Pastiera napoletana (, ) is a type of Neapolitan tart made with cooked wheat, eggs, ricotta cheese, and flavoured with orange flower water. It is usually eaten at Easter.

Legends
Various writers repeat legends about the origin of pastiera. One story connects it to the siren Parthenope, whom the Neapolitans thanked for her sweet singing by giving her ricotta, flour, eggs, milk, spices, and sugar; Parthenope gave these ingredients to the gods, who made pastiera out of it. Another story connects it to a spring celebration of the goddess Ceres.

Origins and tradition

The modern pastiera was probably invented in a Neapolitan convent. An unknown nun wanted that cake, symbol of the Resurrection, to have the perfume of the flowers of the orange trees which grew in the convent's gardens. She mixed a handful of wheat to the white ricotta cheese, then she added some eggs, symbol of the new life, some water which had the fragrance of the flowers of the spring time, candied citron and aromatic Asian spices.

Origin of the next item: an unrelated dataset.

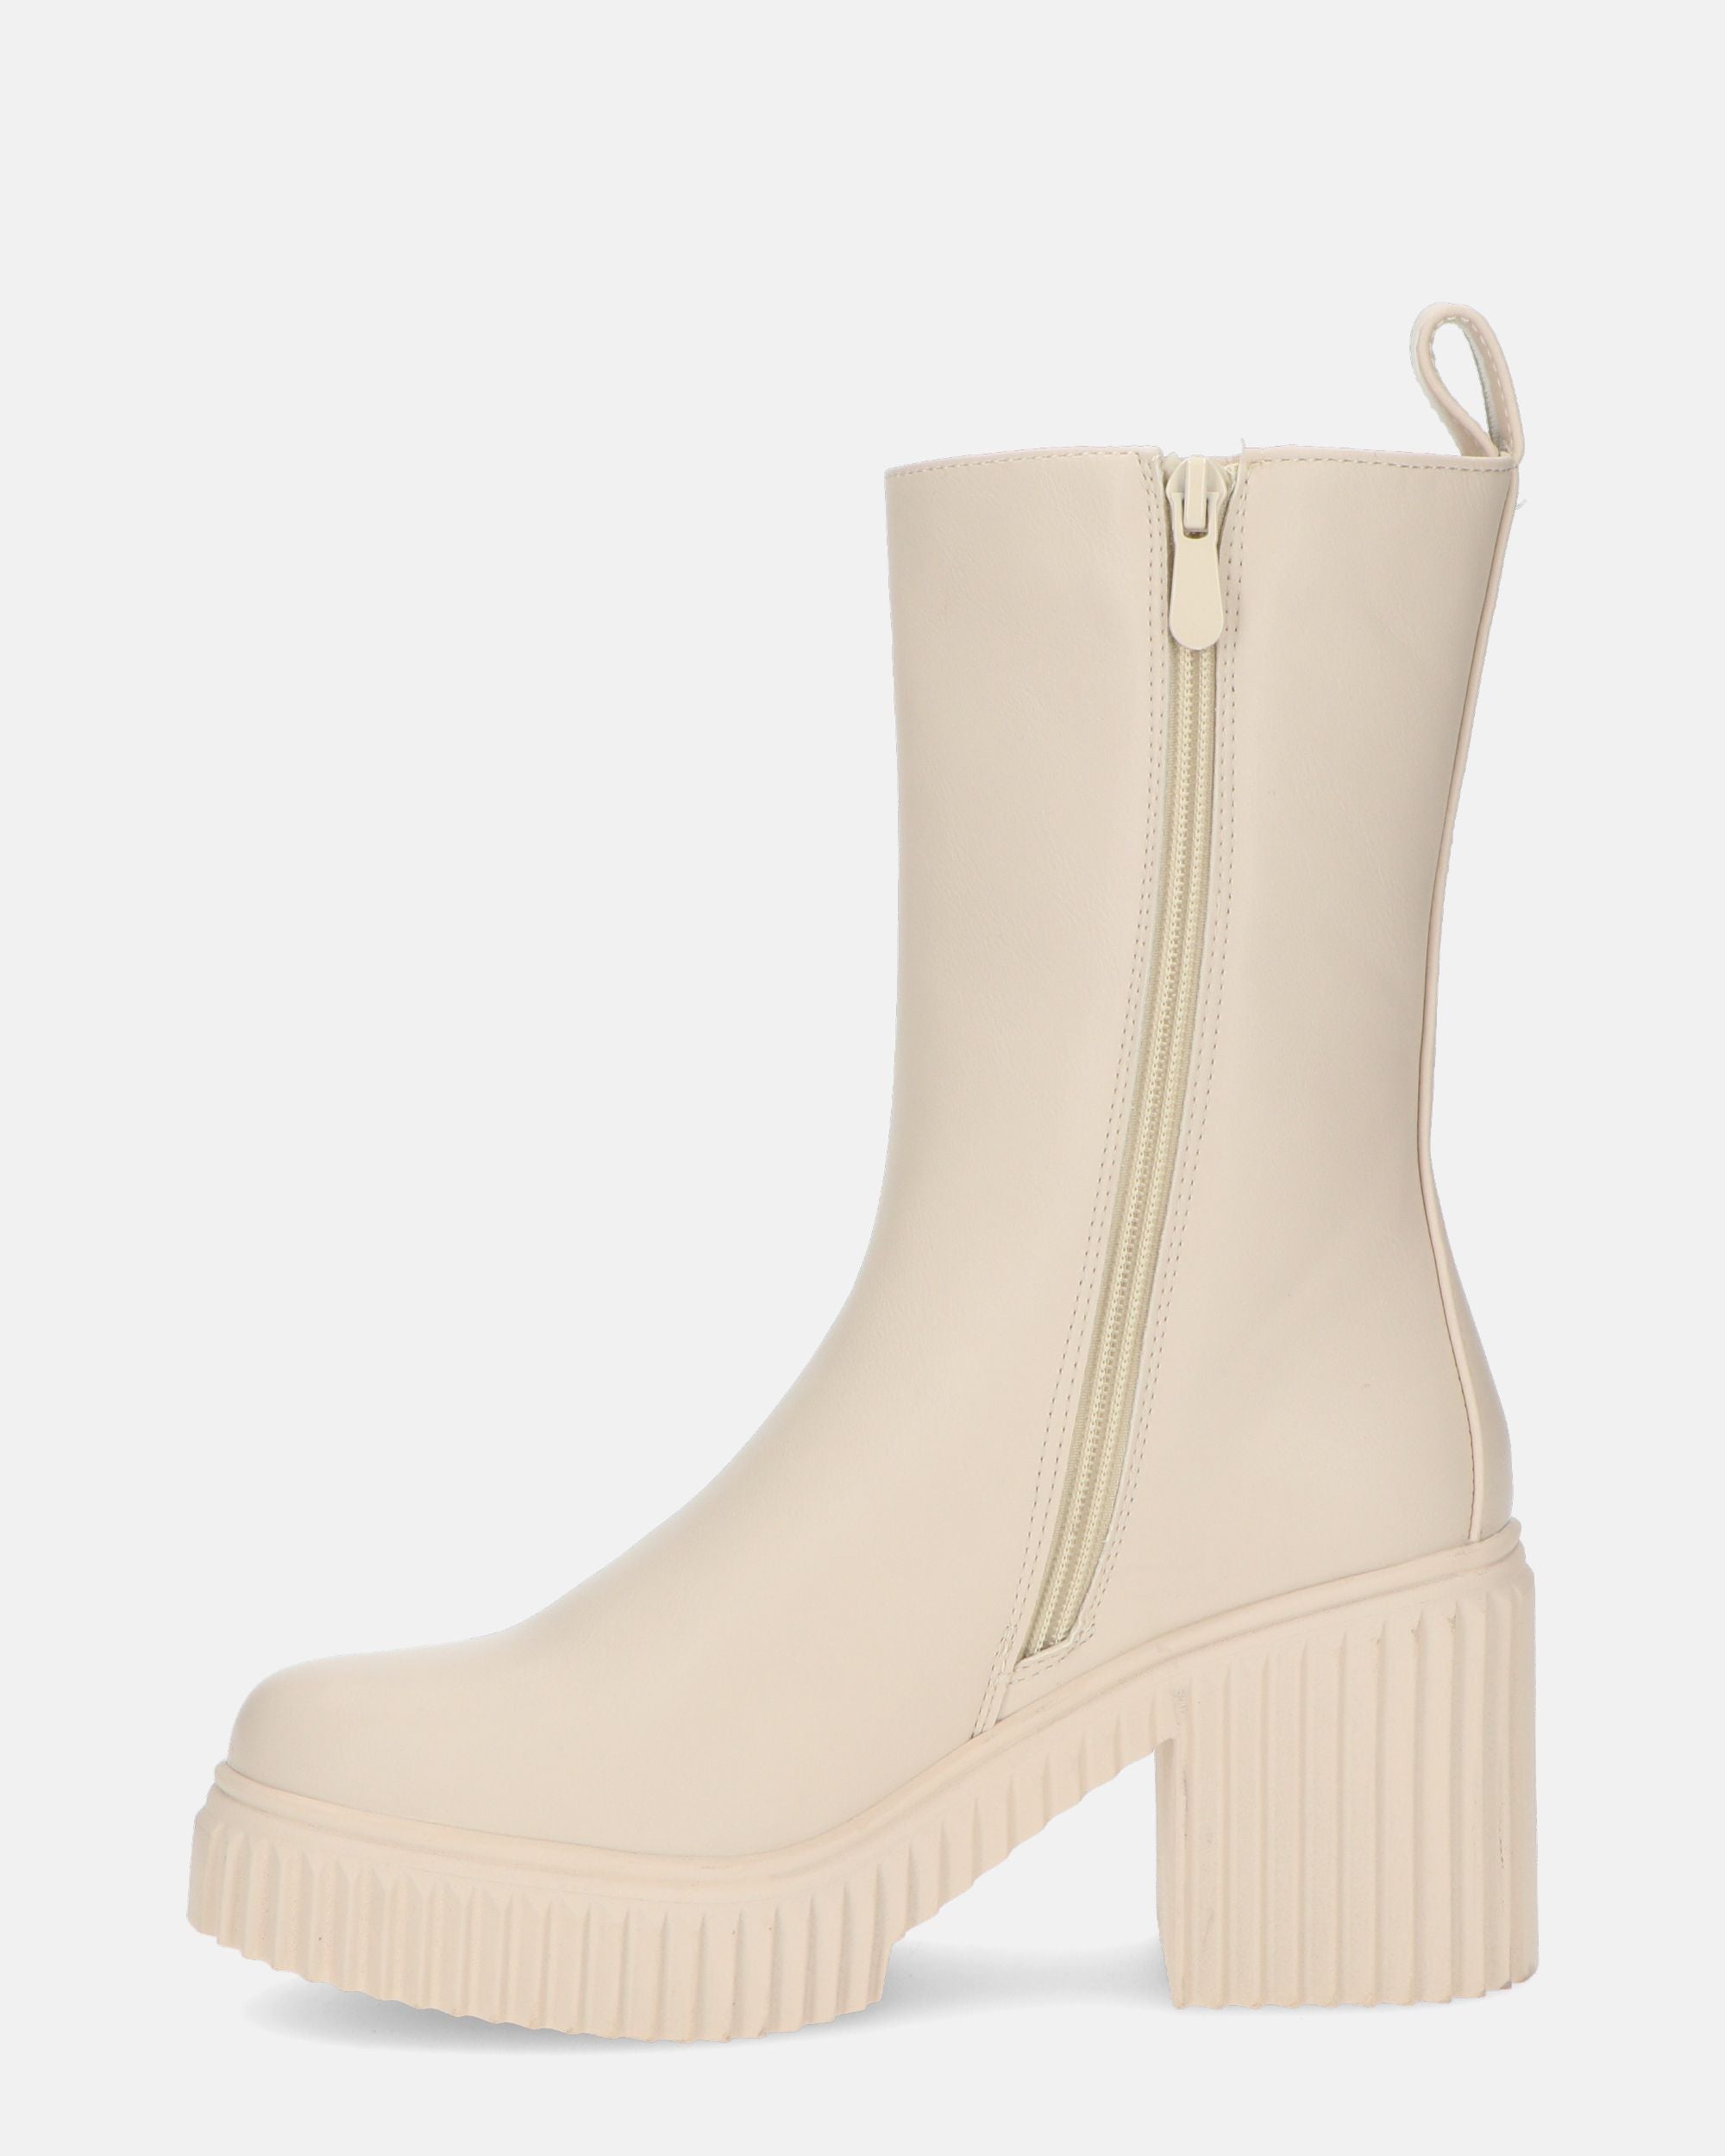 CORALINE - beige PU heel ankle boots with side zip
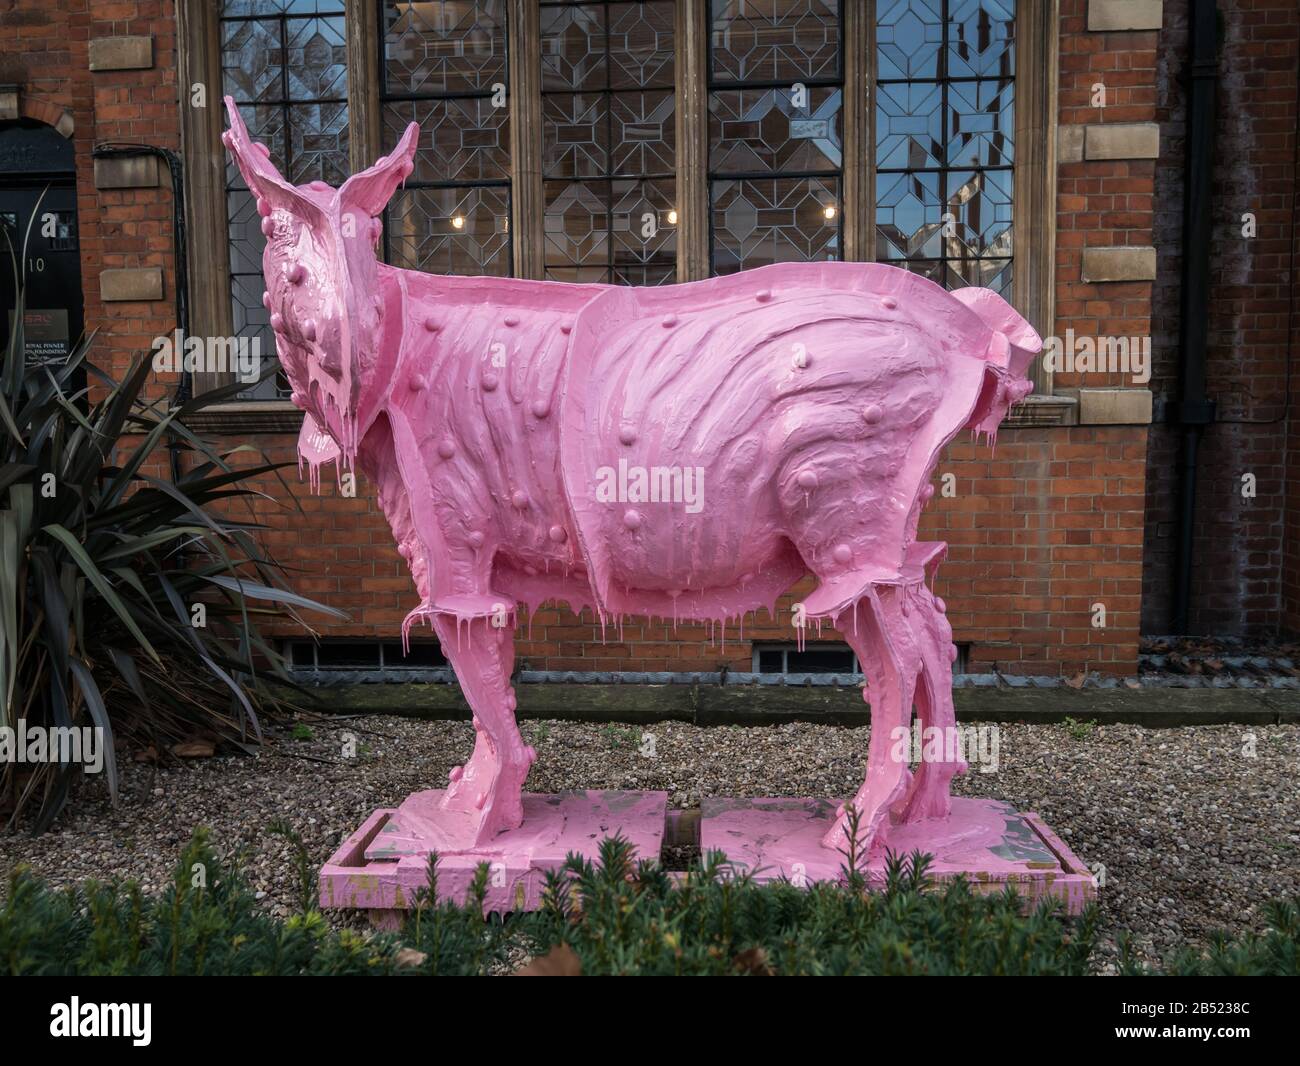 Doppelganger (Pink Rocinante) by Michael Joo, London, UK Stock Photo

We know for certain that the nuns of the ancient convent of San Gregorio Armeno were considered to be geniuses in the complex preparation of the Pastiera. They used to prepare a great quantity for the rich families during Easter time.

There are two different ways of preparing pastiera: in the older, the ricotta is mixed with the eggs or with the grain; in the newer, thick pastry cream is added, making the pastiera softer. This innovation was introduced by Starace, a Neapolitan confectioner with a shop in a corner in Piazza Municipio (Town hall square).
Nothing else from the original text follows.